Even in this copse the forest could be sensed. Midges swirled around in the slender, quivering rays of sunlight. He caught sight of a narrow rivulet brimming with water the color of tea, dizzyingly limpid. Water spiders skated about on its smooth brilliance. He followed its course and after a few steps found the tiny pool of a spring. He knelt down and drank greedily. His thirst quenched, he raised his head and lost his gaze in the transparent depths. Suddenly he noticed his reflection, the face he had not seen for such a long time – this young face turned slightly blue with the shadow of its first beard, the eyebrows bleached by the sun and devastatingly distant, alien eyes.

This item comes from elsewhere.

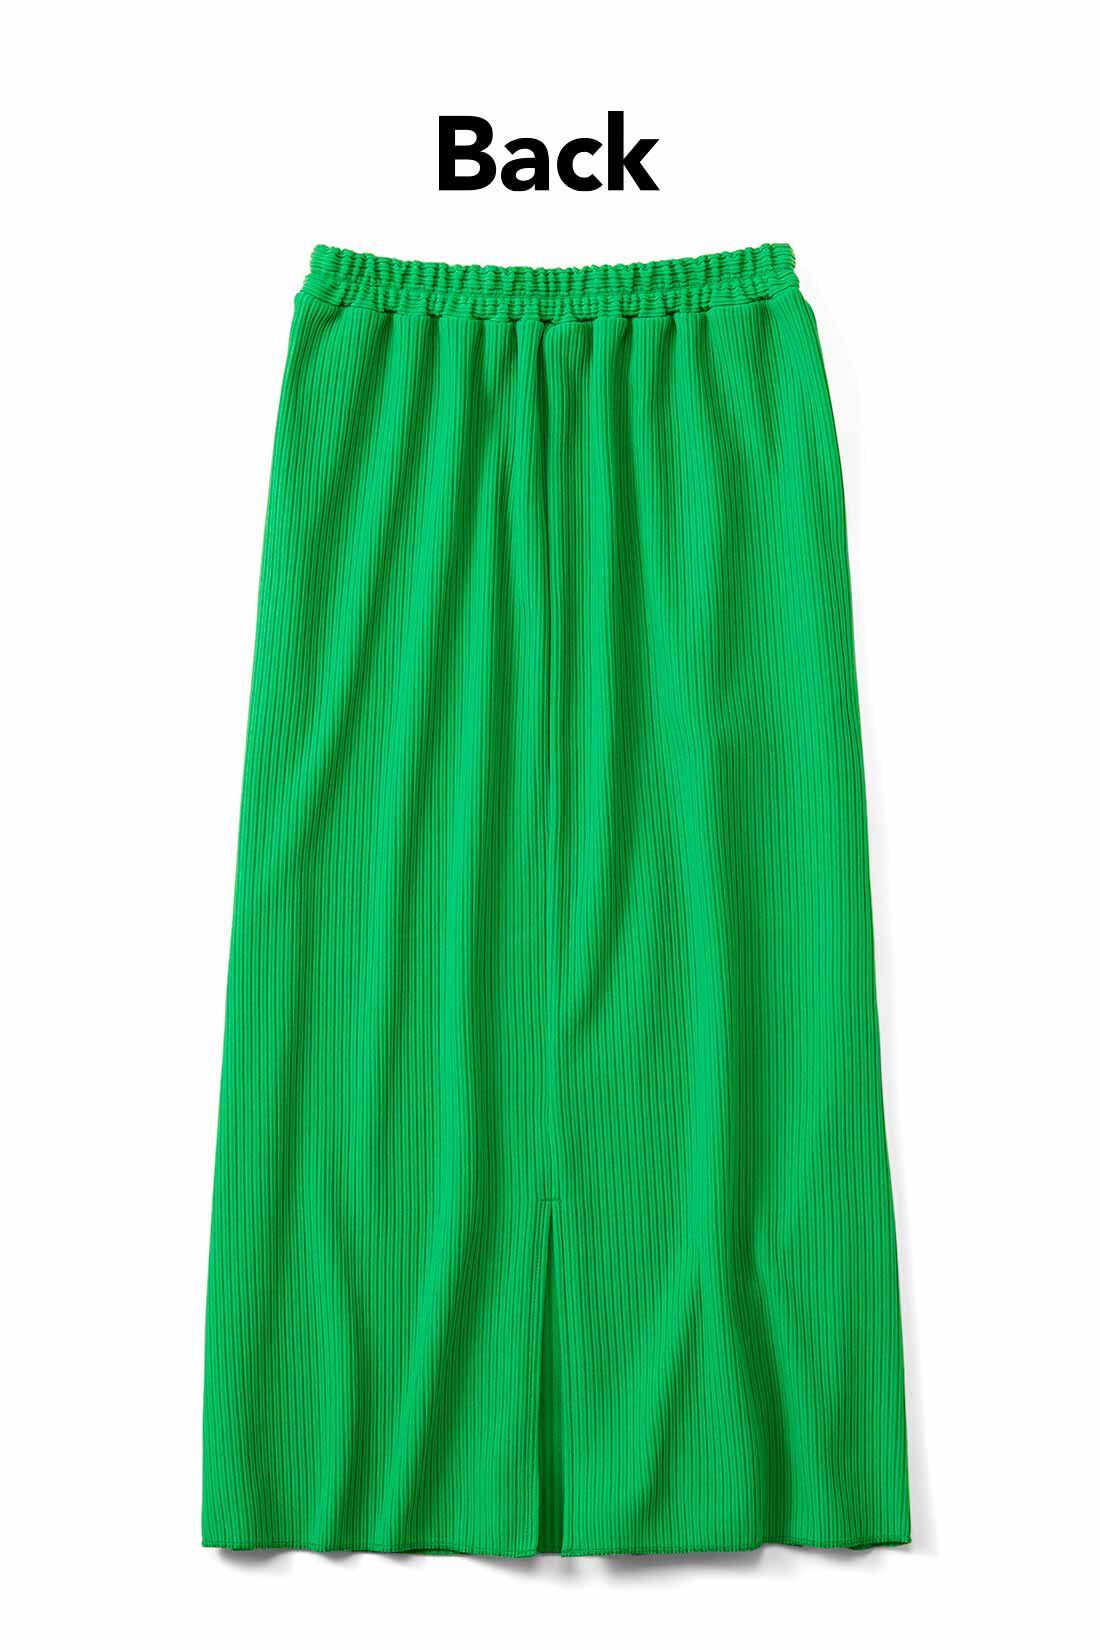 IEDIT|IEDIT[イディット]　ニットライクなリップルカットソー素材で仕立てた らくちんきれいなIラインスカート〈5〉|足さばきのいいスリット入り。お届けするカラーとは異なります。
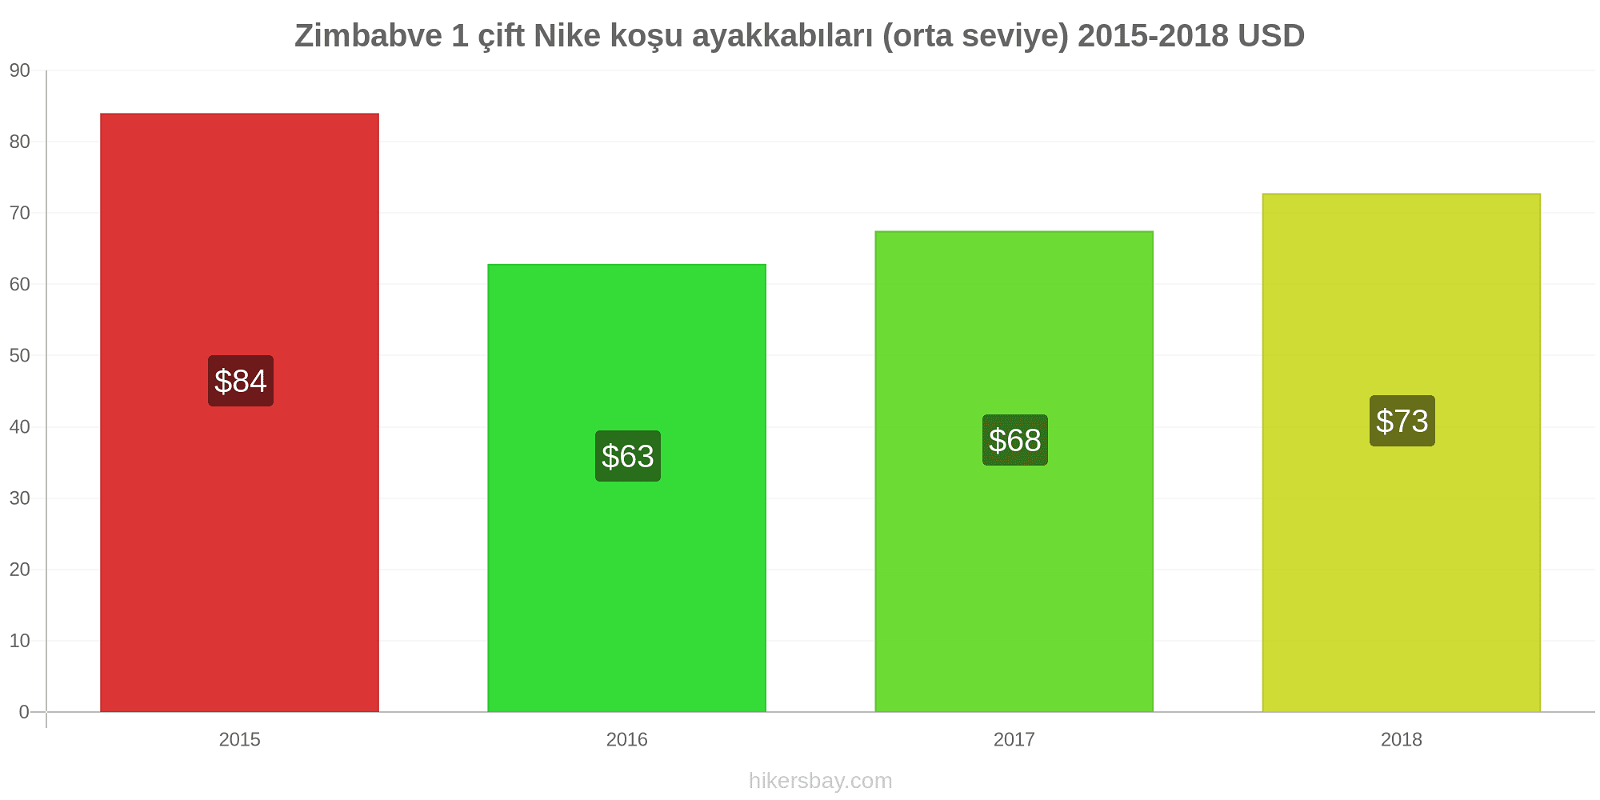 Zimbabve fiyat değişiklikleri 1 çift Nike koşu ayakkabıları (orta seviye) hikersbay.com

"It's me" – the words formed slowly in his head – "me, Ivan Demidov…" For a long time he contemplated this somber reflection's features. Then shook himself. It seemed to him that the silence was becoming less dense. Somewhere above him a bird called.

Ivan got up, leaned over again and plunged his flask into the water. "I'll take it to Lagun, he must be baking back there under his gun."


* * *

From the citation drawn up on the orders of the Supreme Soviet of the Soviet Union he was to learn that that day they had "contained the enemy's advance in a direction of vital strategic importance" and had "resisted more than ten attacks by a numerically superior enemy." In this text the names of Stalingrad and the Volga would be mentioned, neither of which they had ever seen. And how little these words would reflect what they had lived through and experienced! There would be no mention here of Mikhalych and his gasp of pain, nor of Seryozha in his blackened and reddened battle dress, nor of smoking tanks amid trees stripped bare and drenched in blood.

There would be no mention, either, of the little pool of fresh water in the wood reawakening to all the sounds of summer.